Es heißt aber letztendlich: Ja, auf der einen Seite gibt es ein Leben außerhalb der Klinik. Auf der anderen Seite: Manchmal passieren die spannenden Dinge gerade so am Schluss und die Balance muss man einfach so ein kleines bisschen finden. Heißt letztendlich, man muss für sich selber wissen, wie viel man sich zumuten kann. Es gibt für vieles Lösungen. Es gibt auch Teilzeitmodelle, die mehr etabliert werden müssen, um genau das zu vermeiden, was Sie gerade gesagt haben. Dass man nicht irgendwann das Gefühl hat, man wird von der Tagesarbeit erschlagen.

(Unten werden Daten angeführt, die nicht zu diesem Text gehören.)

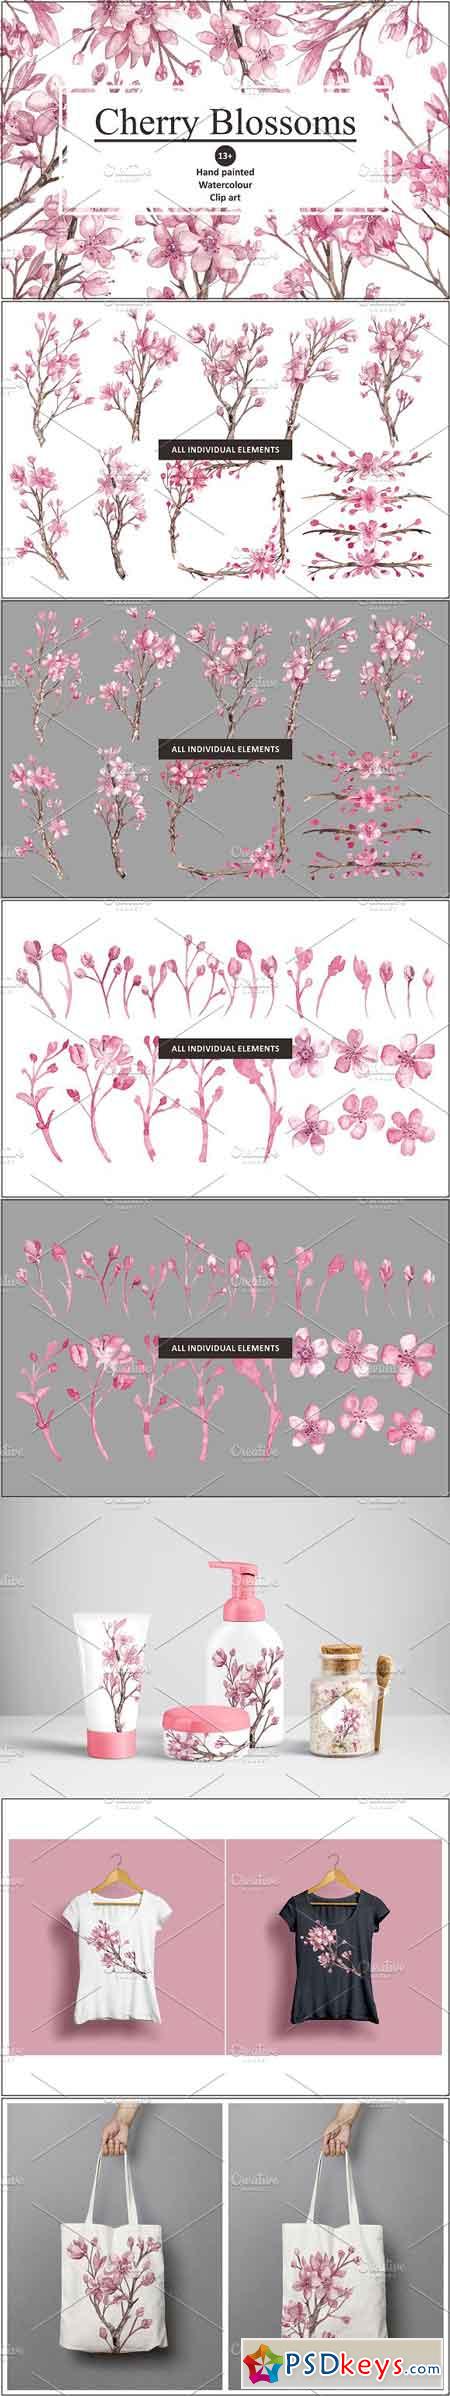 Cherry Blossom Watercolour clipart 1143306

Da gehört natürlich auch dazu, dass die Patienten anspruchsvoller geworden sind. Alles muss es schnell, gleich und sofort geben und natürlich mit viel Liebe und Zuwendung. Geht auch nicht jeden Tag. Auch da muss man den Ärztinnen und Ärzten zugestehen, dass auch deren Kraft endlich ist. Aber insgesamt glaube ich, dass man sich in dem Beruf doch wohlfühlen kann und manchmal Dinge auch so ein kleines bisschen herbeigeredet werden – weil halt alle irgendwie nur negativ sind. So schlimm ist es wahrscheinlich nicht. Aber wenn Dinge wirklich schwierig sind, muss man die auch ansprechen.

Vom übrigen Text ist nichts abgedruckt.